[DATA SECTION]
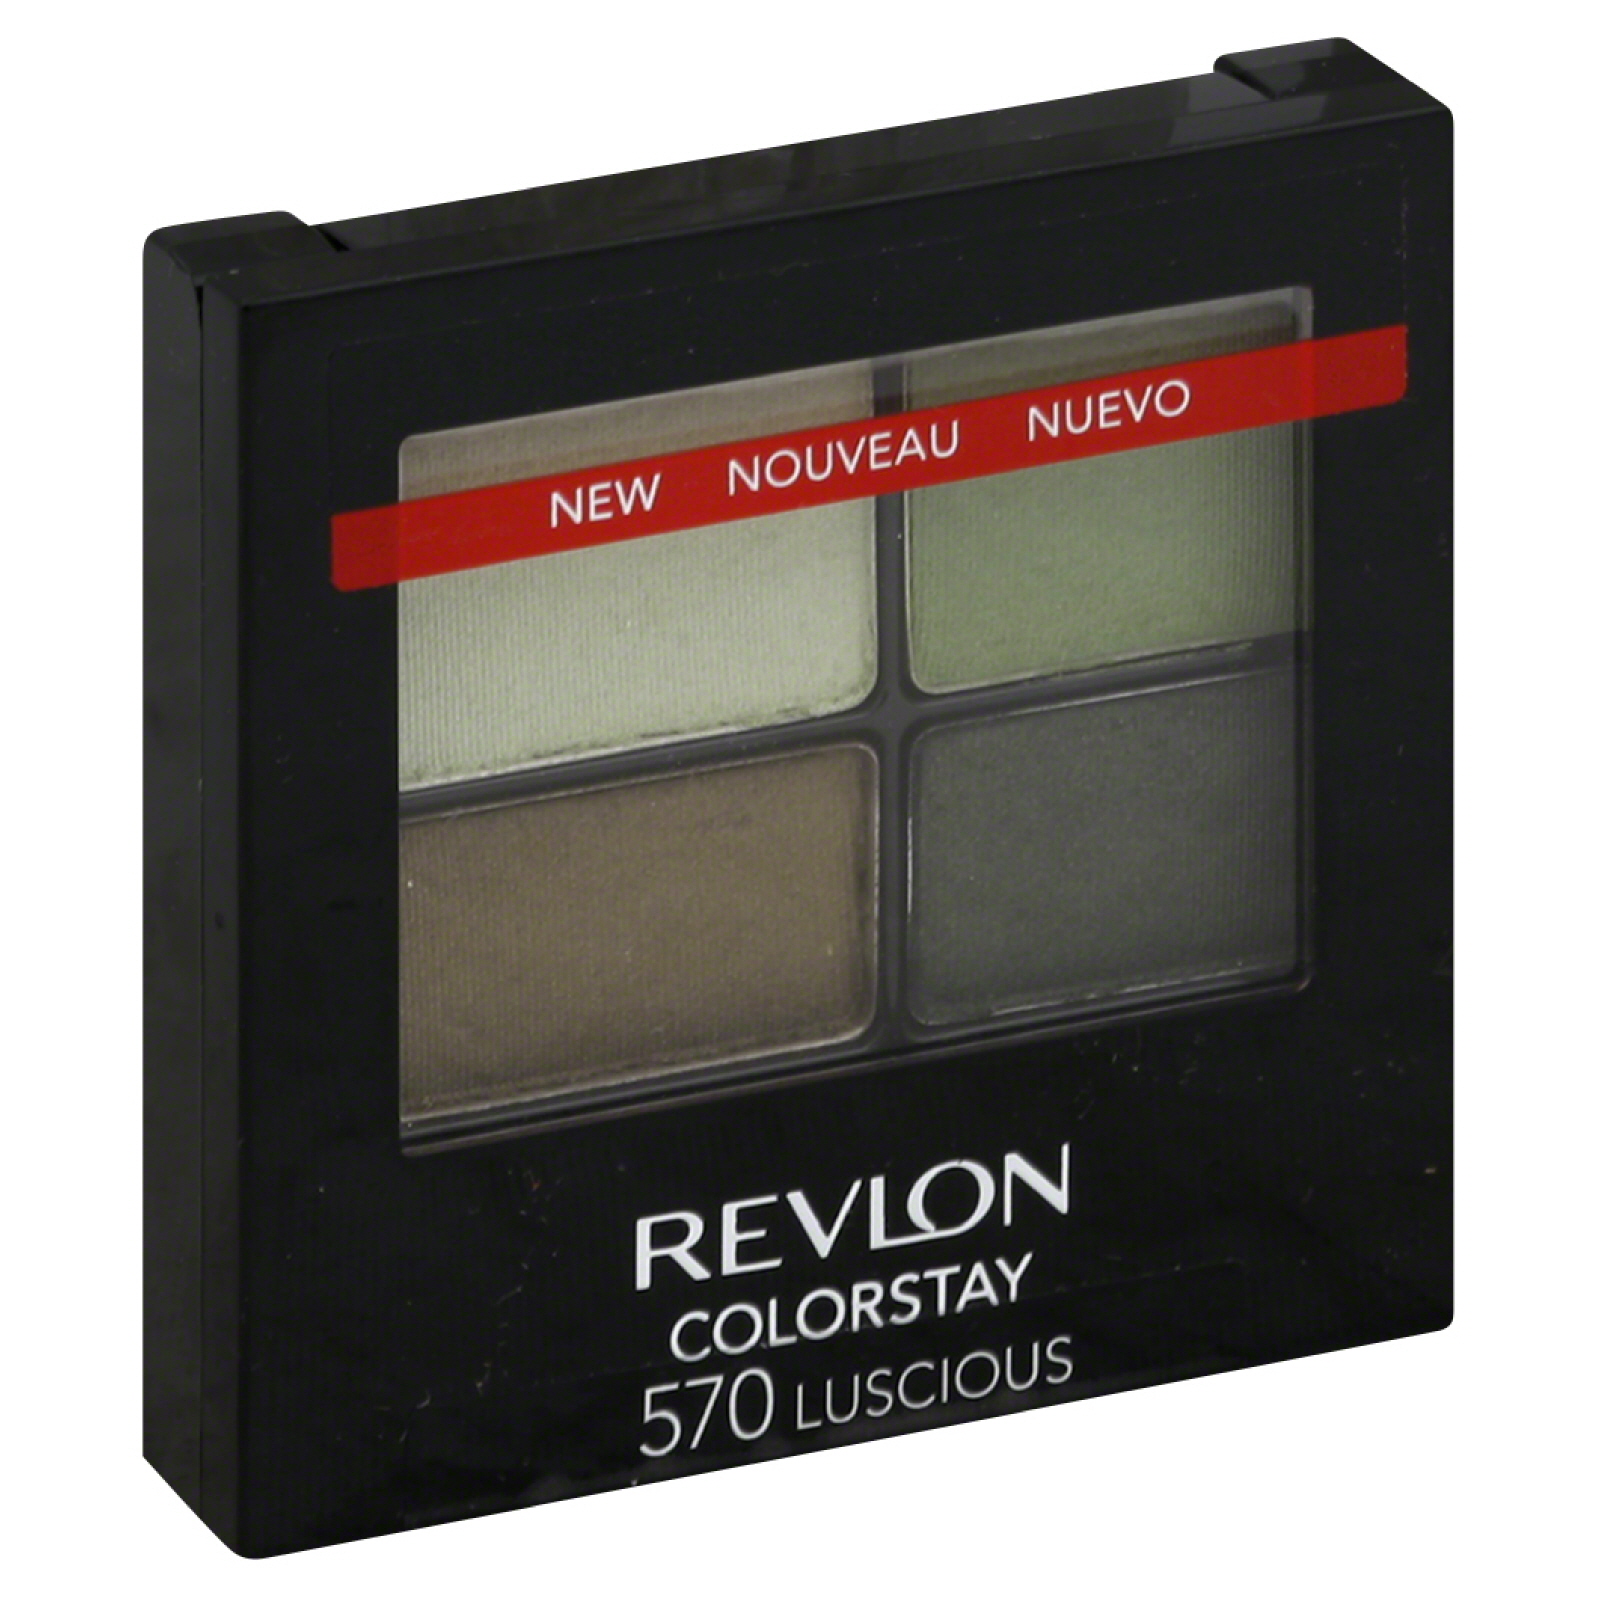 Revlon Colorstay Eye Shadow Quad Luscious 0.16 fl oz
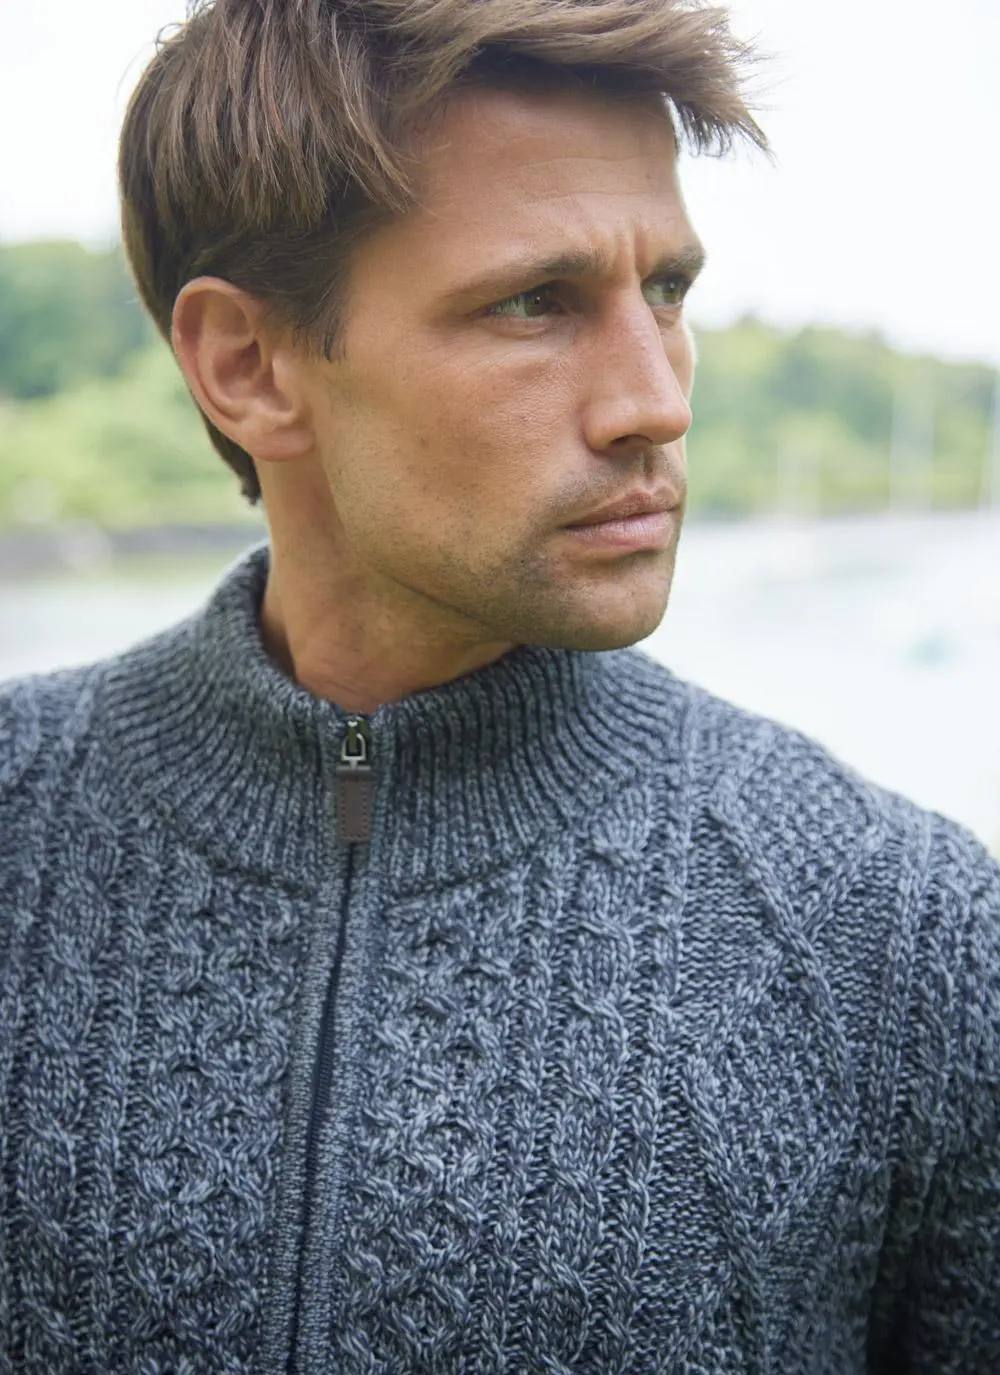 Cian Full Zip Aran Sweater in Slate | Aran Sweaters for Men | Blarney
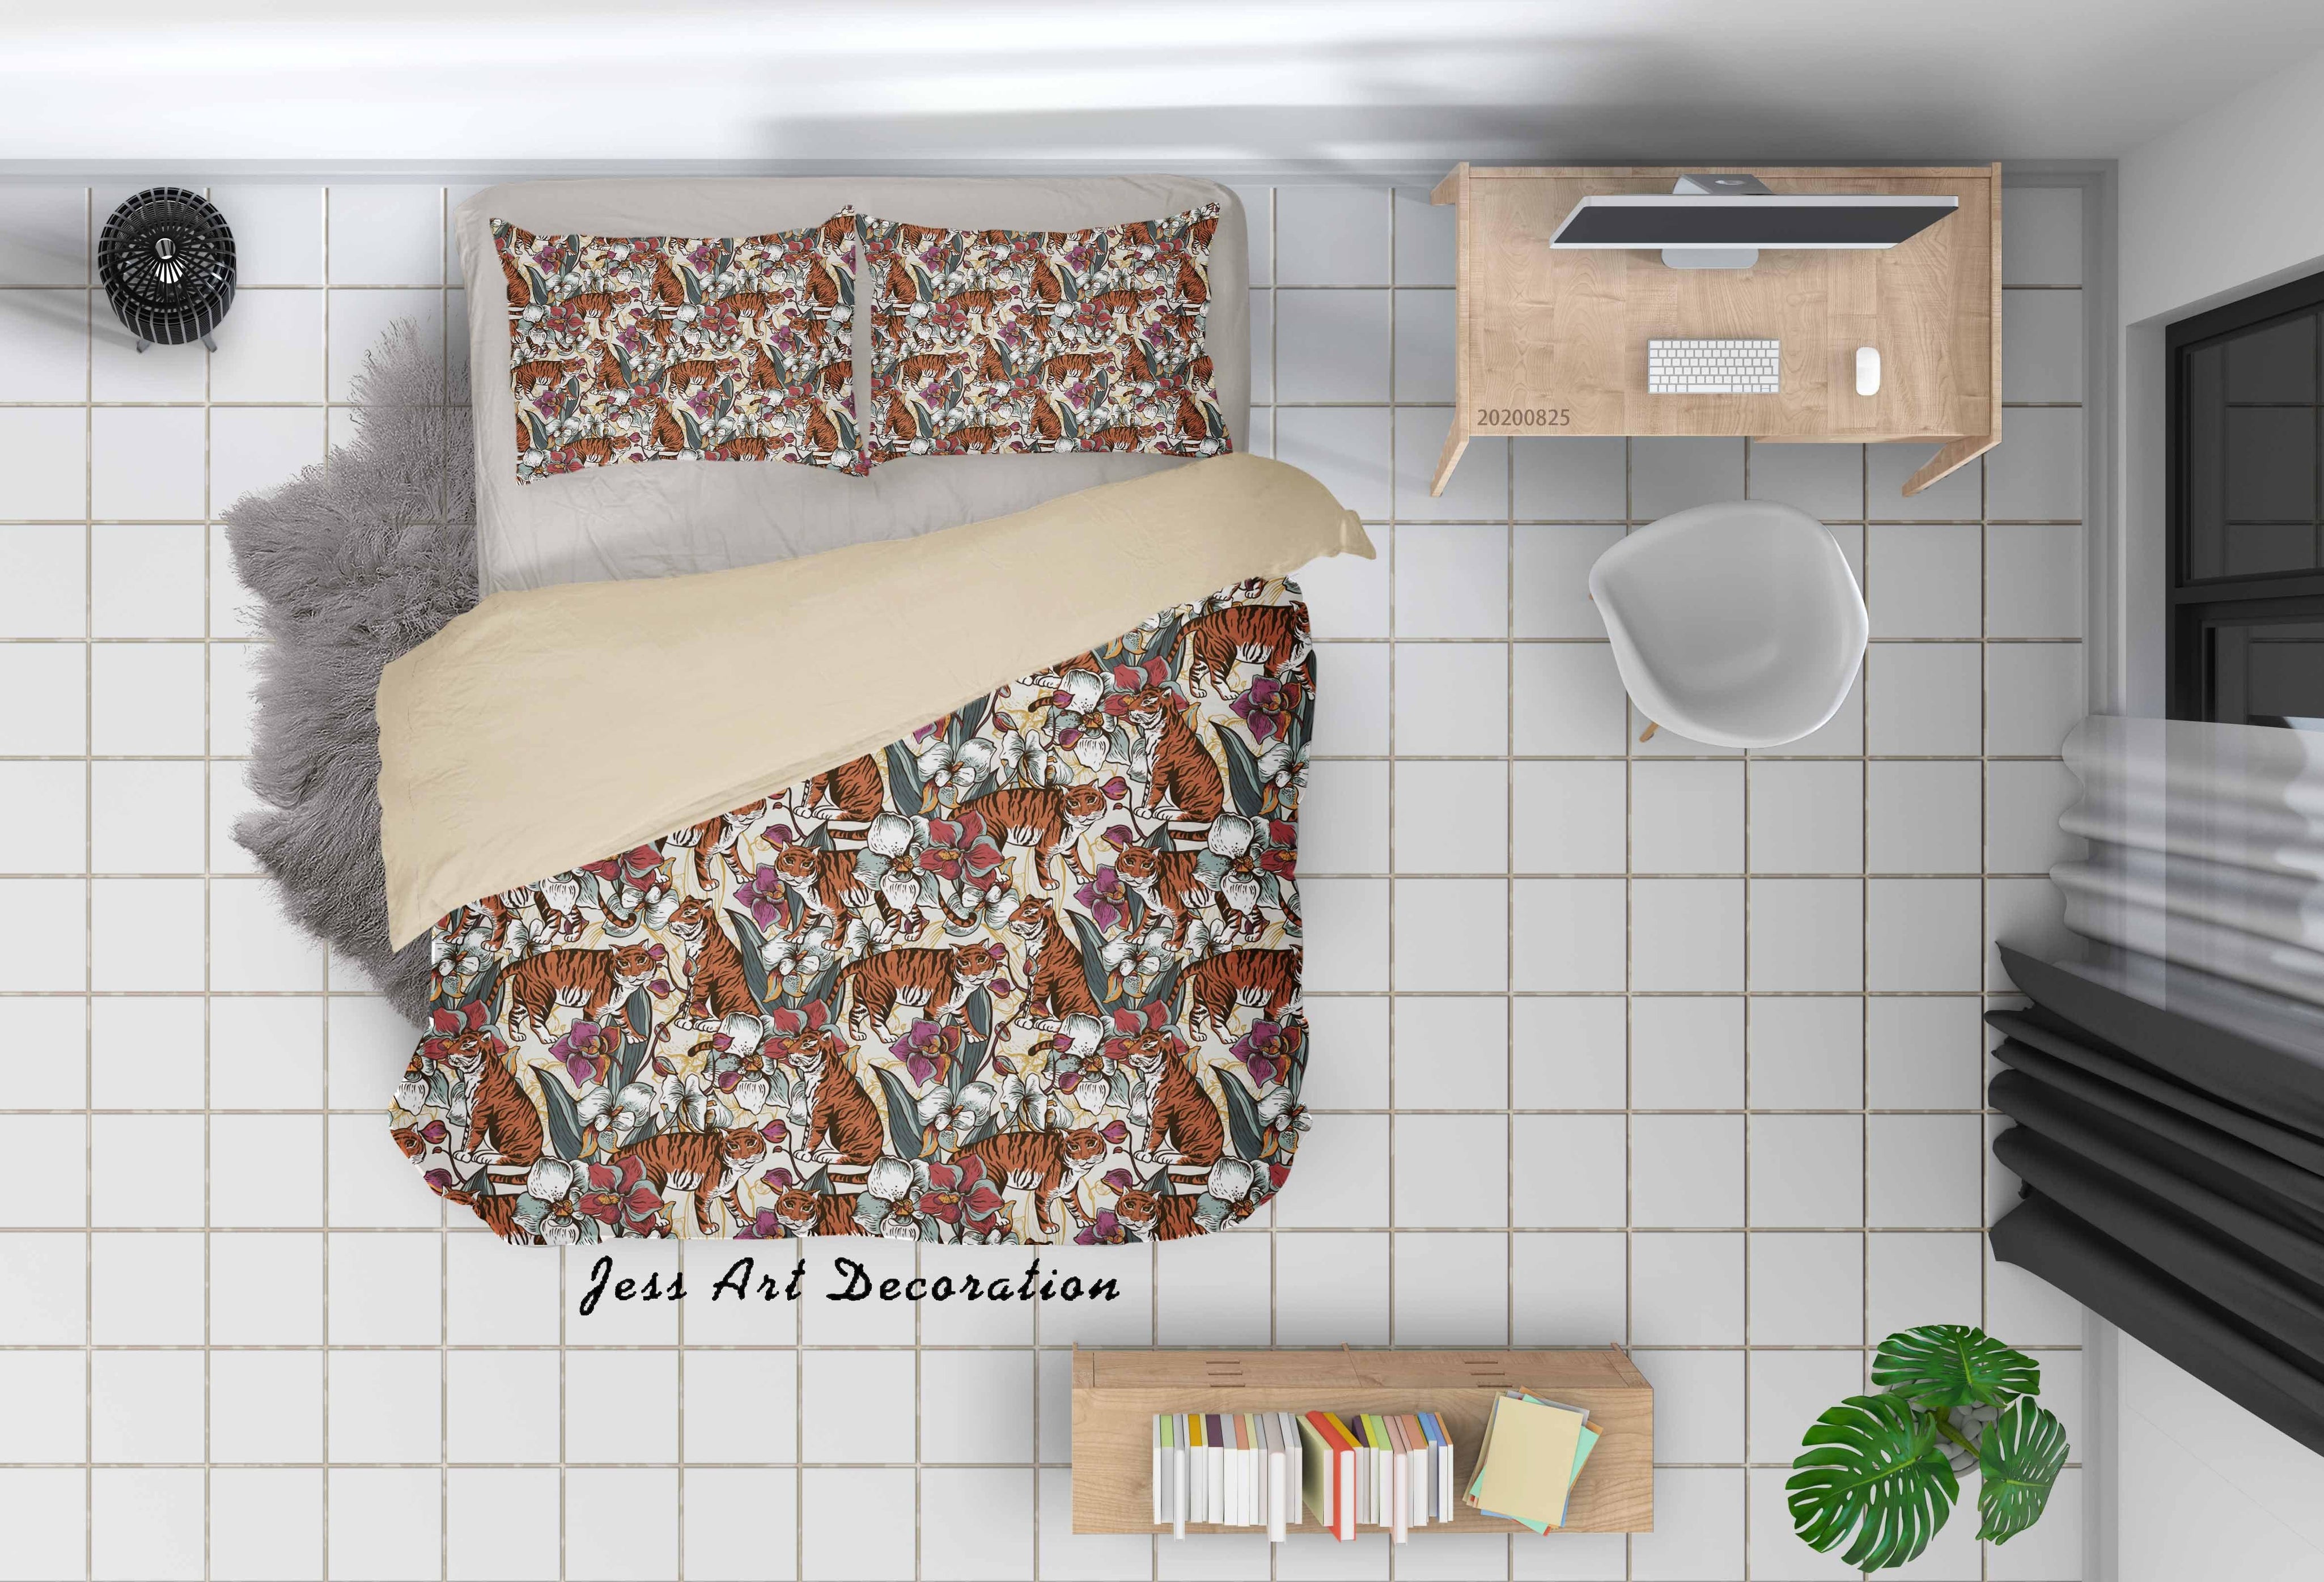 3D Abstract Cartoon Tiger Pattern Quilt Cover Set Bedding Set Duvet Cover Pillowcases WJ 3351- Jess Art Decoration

[WORK REQUIRED] Please restate the material word for word; the pictures stay out.

[RESPONSE]
 Revlon Colorstay Eye Shadow Quad Luscious 0.16 fl oz
 Cian Full Zip Aran Sweater in Slate | Aran Sweaters for Men | Blarney
 3D Abstract Cartoon Tiger Pattern Quilt Cover Set Bedding Set Duvet Cover Pillowcases WJ 3351- Jess Art Decoration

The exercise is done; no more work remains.